Di televisi, saat ini banyak program kuliner. Baik yang sekedar wisata kuliner atau masak-memasak. Saya tidak mengomentari yang kedua. Kenapa? Karena yang ini biasanya host atau pembawa acaranya sudah kompeten. Namun yang pertama, saya cukup heran kenapa justru lebih banyak yang sebaliknya.
Host paling bagus tentu saja Bondan “Mak Nyus” Winarno. Selain sebagai pelopor acara wisata kuliner di TV, beliau justru memulainya dari mailing-list (milis) “Jalan Sutra”. Milis ini anggotanya ribuan sehingga menjadi terkenal, terutama bagi penggemar wisata kuliner bisa berbagi pengalaman. Seringnya kopi darat (kopdar) membuat jaringan makin erat. Walau terus-terang saya tidak tahu bagaimana kelanjutannya sekarang.

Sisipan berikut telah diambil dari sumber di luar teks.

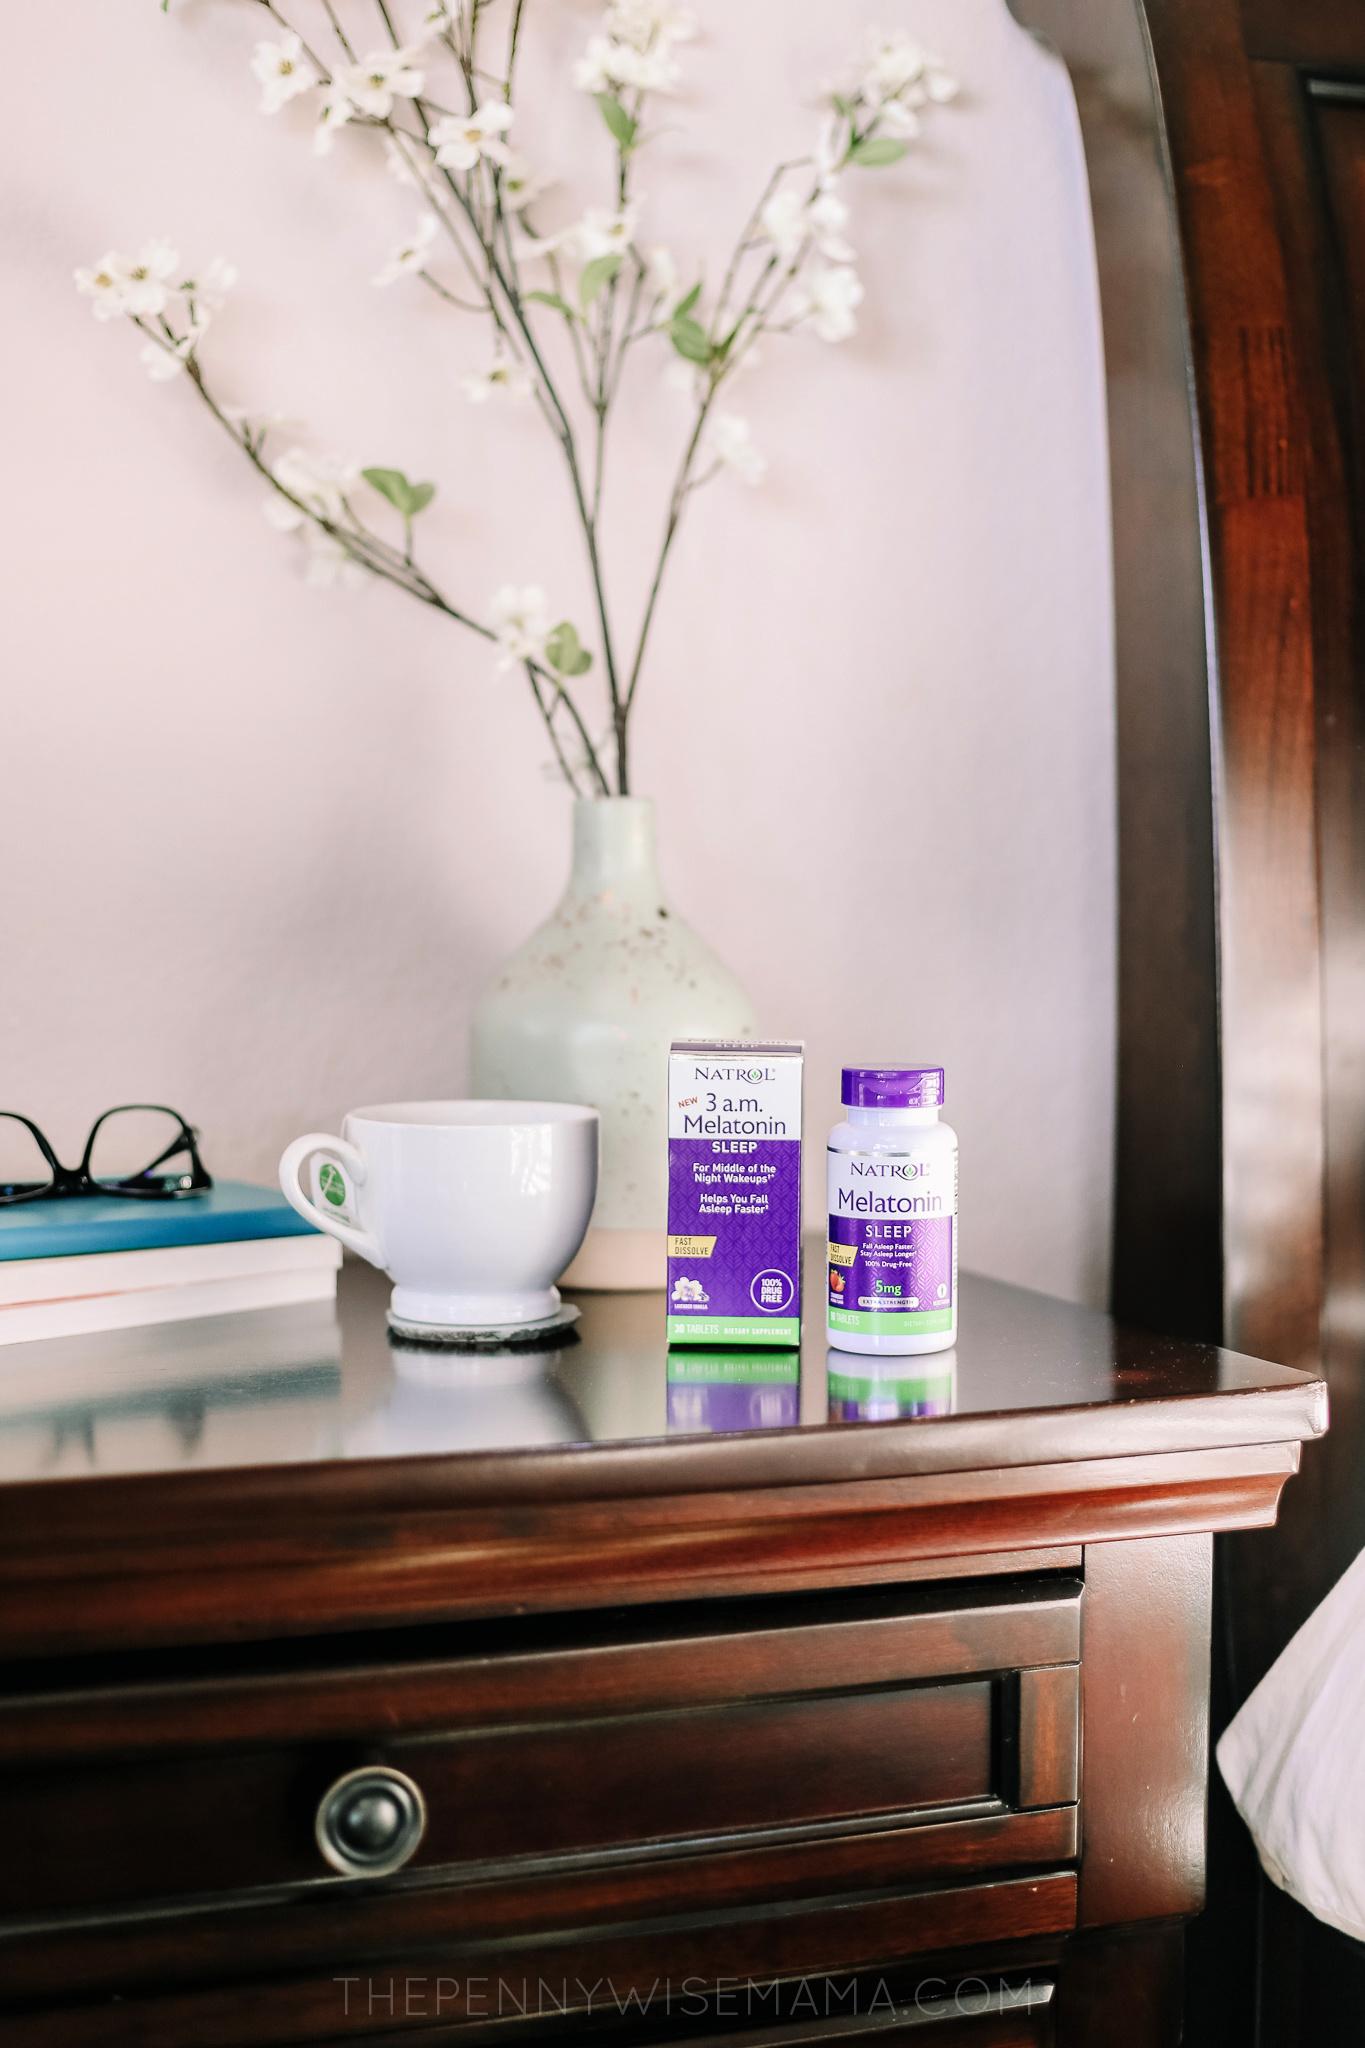 7 Tips to Sleep Better at Night with Natrol Melatonin

Kelebihan Bondan dari host lain adalah kemampuannya menerangkan cara memasak, membandingkannya dengan masakan lain, ditambah pengetahuan mengenai sejarah masakan itu sendiri. Namun, bagi saya yang paling oke adalah kemampuan yang saya sebut “bumbu terbalik”. Cuma dengan mencicipi kuliner, ia mampu menerka bumbu apa saja yang digunakan dalam proses memasaknya.
Sementara host lain, aduh, ada yang cuma makan saja. Lantas semua pada akhirnya berkomentar “enak”, “lezat” atau semacamnya. Paling banter komentarnya ditambahi rasa seperti “pedas”, atau “panas”. Malah, ada host yang cara makannya menjijikkan, sampai mengeluarkan air liur dan berbunyi. Mungkin karena ada masukan, sekarang ‘diperhalus’. Caranya? Hostnya memakai kostum binatang atau tokoh kartun, lengkap dengan riasan wajah yang nggak banget! Hahaha. Gak nyambung banget. Meski terkadang ditemani artis cantik, tetap nggak nolong.

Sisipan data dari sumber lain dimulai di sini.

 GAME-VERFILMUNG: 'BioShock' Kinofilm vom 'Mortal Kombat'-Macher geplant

Bisa jadi karena acara tersebut dibuat oleh PH (Production House) dan pihak stasiun televisi tinggal membeli dan menayangkan, maka kurang kontrol kualitasnya. Mestinya, kalau ukurannya rating, acara semacam itu nilainya rendah. Tapi kok ya sampai sekarang banyak yang masih tayang ya?
Kenapa tidak mencari orang yang jago makan tapi juga mengerti tentang kuliner ? Karena kalau cuma makan doang, lantas komentar “enak”, semua orang juga bisa dong.
NB: Sewaktu bekerja di sebuah majalah gaya hidup terkemuka dahulu, saya sering meminta bantuan kekasih saya saat itu yang selain jago masak juga lumayan wawasannya dalam soal kuliner. Termasuk ia cukup memadai dalam soal “bumbu terbalik”. Itu karena saya menyadari keterbatasan saya. (thank’s to AMP, mantan saya. Hehe.). Daripada memaksakan semua kuliner dibilang “enak” kan?